Since I started investing, my returns have been fairly erratic, but thankfully positive thus far. As seen in the table below, I tend to hit my target every other year but long-term am right on my 9% per annum target.
Year | Annual Return | Average Yield |
2015 | 7% | 4.3% |
2016 | 19% | 5.1% |
2017 | 10% | 5.0% |
2018 | 1% | 6.7% |
2019 | 12% | 5.7% |
2020 | 5% | 3.8% |
Average | 9% | 5.1% |
I’ve written before that I don’t think Quantitative Easing is going to end well for the average investor and I’ll repeat that claim again now. Although it seems to be gallantly fighting off a long-term bear market in global equities, I believe the loose monetary policy of Central Banks is going to depress long-term growth in the real economy as more and more money goes towards propping up dying businesses and unproductive activities. If that 2010s were defined by a long-term bull market, I think most indices and ETFs are going to struggle through the 2020s and as such it will be more important than ever for investors to buy quality and pay careful attention to valuations.
Although I like the virtue of investing in green and socially responsible businesses, I feel the increased focus is likely to lead to a bubble in this space as more and more investors pile into what they see as a ‘sure thing’. I have eight renewable energy companies on my watch list but not a single one is close to my target buy price and several have started to suffer from write-downs in asset values.
I wouldn’t invest in oil and gas companies regardless of the price but just because I feel their market is in long-term structural decline, it doesn’t mean that renewable energy companies make a good investment at current valuations. A few hundred years ago, agriculture, food and transport companies made great investments, but over time the advance of technology has depressed their margins to a painful degree; today, most of them are poor investments, even if we all still need food and drink to survive.
In my opinion, energy is likely to undergo a similar structural transformation; indeed, I believe it started at the beginning of the century and will continue to accelerate as we move towards the year 2100 (and doesn’t THAT feel odd to write).
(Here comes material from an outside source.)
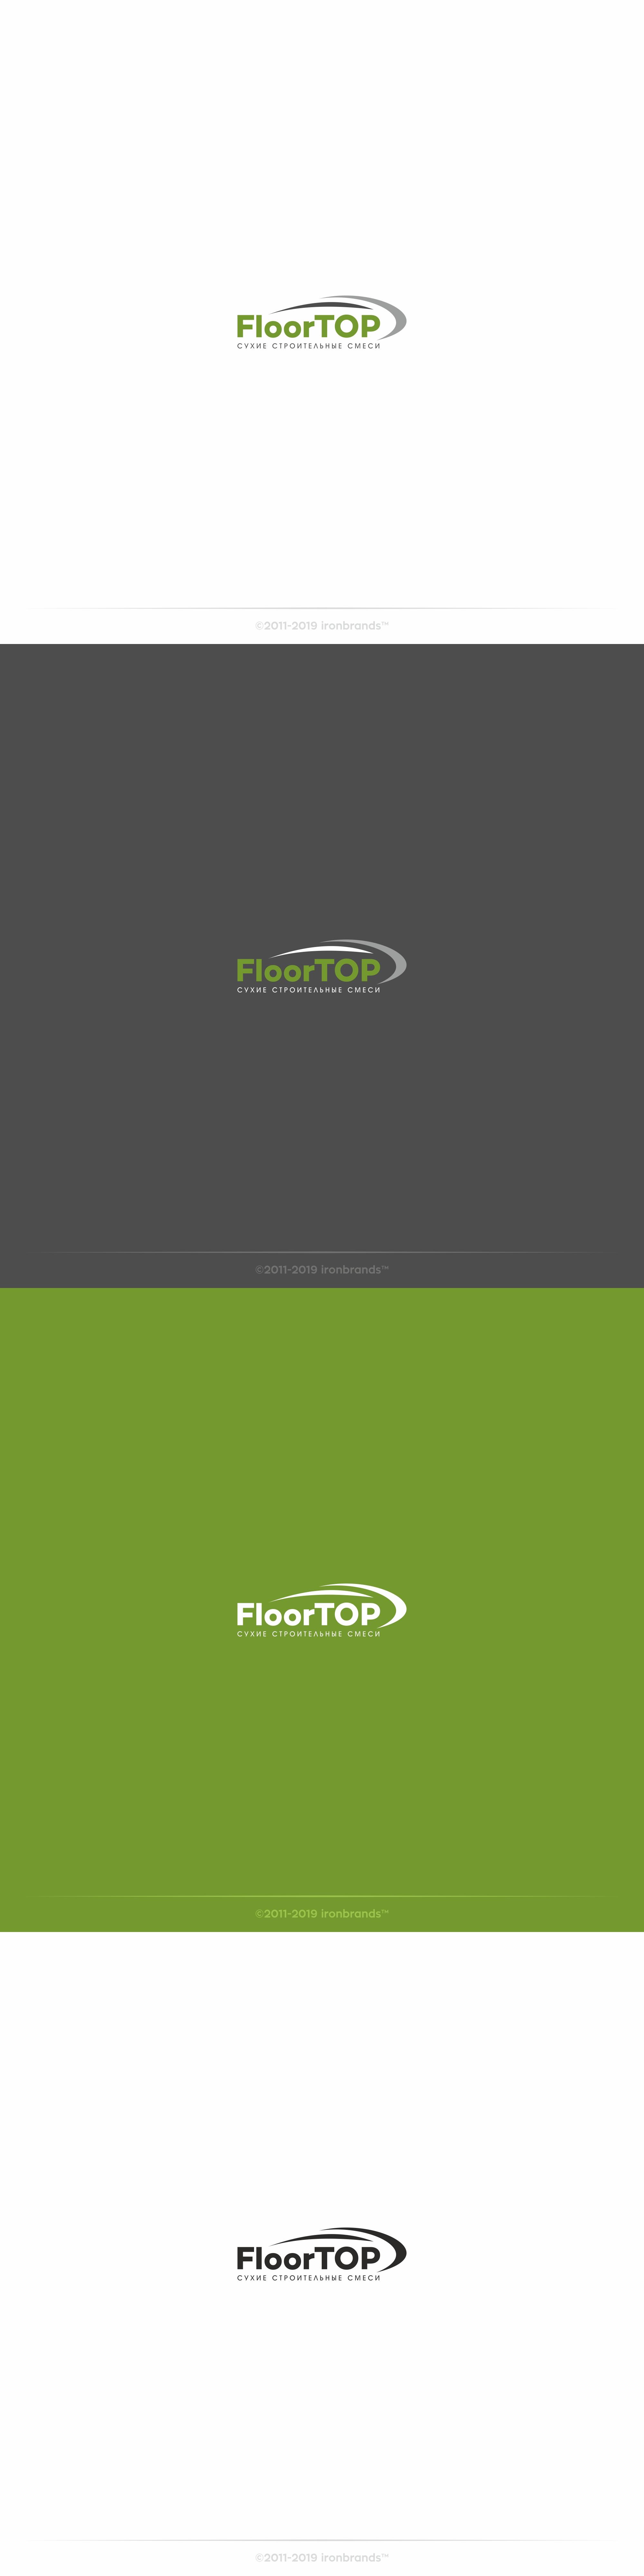 Разработка логотипа и дизайна на упаковку для сухой смеси фото f_5545d2c3d3ede866.jpg

I also believe many other traditionally ‘defensive’ investments are likely to prove poor performers moving forwards. Fast moving consumer good firms such as Diageo and ‘sin stocks’ such as Imperial Brands and Coca Cola have been bid into the stratosphere as investors focus on historical growth and ignore upcoming generations moving away from alcohol consumption, cigarettes and sugar.
These companies may pivot; launching new brands and product lines – or they may continue to churn out increasingly tired, unloved products to a market that wants fresh new alternatives.
Successful investors will have to think increasingly hard about the direction of the markets, national demographics, debt and structural changes in the economy to make money. Likewise, using ‘quality at any cost’ or ‘technology over everything else’ as a strategy is also likely to end in tears for the incautious investor. I’ve seen more than one investment darling of Twitter crash into a brick wall this year when a ‘sure thing’ failed to perform.
Regardless, I’m looking forward to 2021 with enthusiasm and am grateful to all my readers and friends for continuing to support my blog. I hope you all have a fantastic break over the New Year and will hopefully (very hopefully!) be able to see a few of you for a pint or two in 2021!